Born and raised in Spokane, Brubaker came to Seattle as a radio newsman in 1962. During his 25 years in the broadcast industry with KOMO, Brubaker spent 17 years as a television anchorman, mostly in the key evening slot.
After Brubaker left television and was appointed to the Snohomish County Council in 1987, he often talked of the need to get his creative juices flowing. A few years ago, he wrote a patriotic speech that won a Freedom Foundation Award. It is a talk he has been called on to give more than 30 times.
That speech triggered something. His wife, Marlene, recalled that Brubaker had jotted down some anecdotal notes during his final months on television and urged him to take a look at them.
Those vignettes, repeatedly refined during the past year, are the core of Brubaker's recently published look behind the scenes of local television. " . . . Never as it Seems," published by Peanut Butter Publishing of Seattle, came out just before Christmas. It sells for $11.95.
For those who've been around for a couple of decades, the anecdotes provide a mostly humorous trip down memory lane. For more recent arrivals to the Puget Sound area, it should serve as a quick peek at what once was.
Distribution is really just beginning for the soft-cover book, intentionally printed in fairly large type for aging eyes. Brubaker, 54, of Edmonds, just signed a contract with Pacific Pipeline, a major distributor. The first printing was 5,000 books. Brubaker, with an investment in the production, will break even after 3,000 are sold.
People from the broadcasting industry are now calling Brubaker to tell how much they like the book and reminding him of a score more stories.
Several stories are about animals in television shows and their unpredictability. Then there's the fast-talking Ray Ramsey, for many years the last word on the weather at KOMO, even though Brubaker makes it clear Ramsey did a lot of hedging.
It was an age when the industry wasn't beyond live pranks. As an anchorman under extremely hot lights, Brubaker required two glasses of water, one that he gulped just before going on the air, the second to be sipped during the broadcast. Once, gin was substituted by floor directors and it took a lot of commercials before a woozy Brubaker could handle the broadcast. From then on, Brubaker sipped from both glasses to be on the safe side.

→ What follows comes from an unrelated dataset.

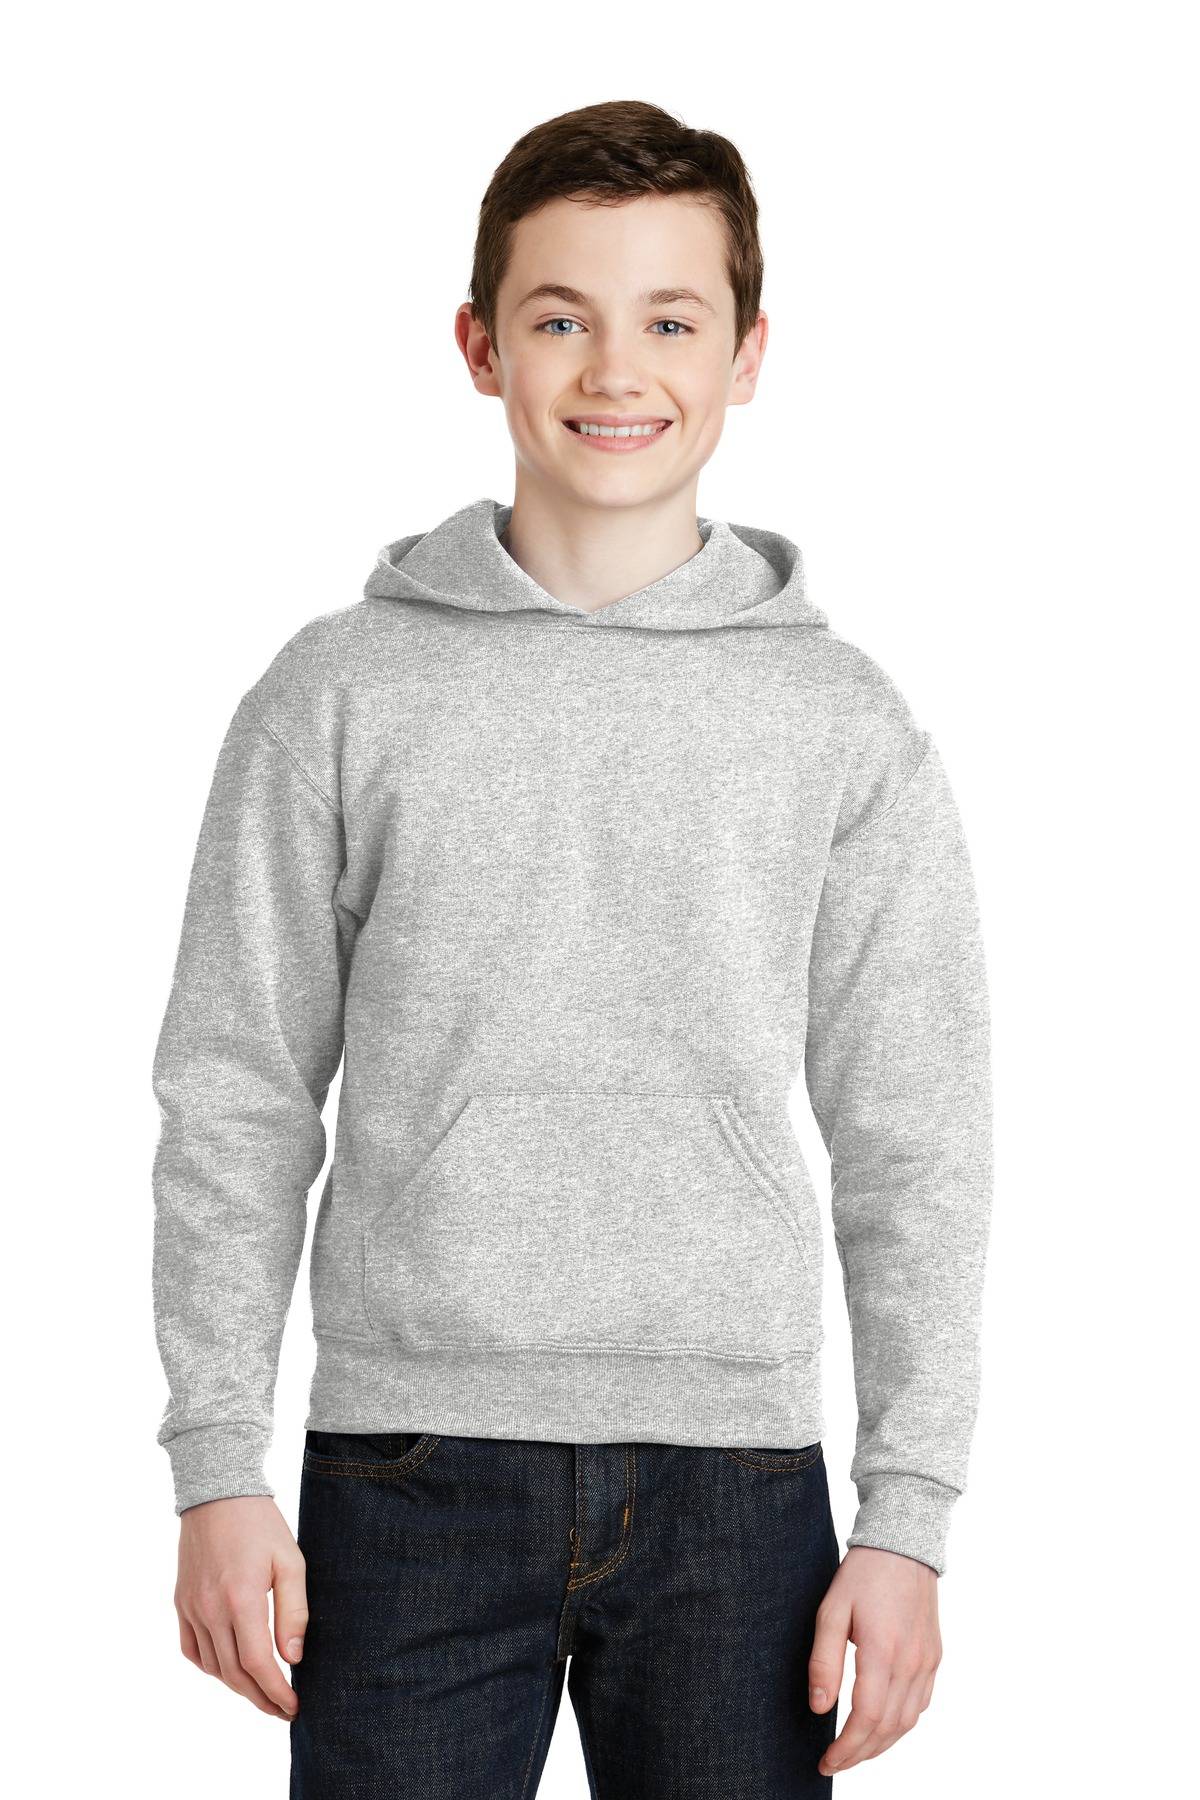 Jerzees 996Y Youth NuBlend Pullover Hooded Sweatshirt in Bulk Price

In his introduction, Brubaker notes the book is not about technology or journalistic rules but about "wonderful people, skilled and energetic people who weren't afraid to make mistakes along the way or share a wart or two with the audience."
To write this book, Brubaker greeted his word processer each morning about 5 and worked an hour or two before going on to his county duties. He'd rewrite the work he did the day before, and write some new anecdotes.
He already is writing another book that should be completed this year, about the four-year project of exploring the Cobb Seamount, an underwater mountain along the coast that in some places is only 130 feet below the surface.
To do his reporting work, Brubaker was trained in what then was a new and dangerous procedure: open-ocean diving. Although he didn't actually make any dives, he kept up with what was happening on the project.
There probably is at least a third book somewhere out there. Brubaker keeps hearing about the high-school-football team his father played on in Spokane and is finding out it was so good it was undefeated and might have played and beaten a college team.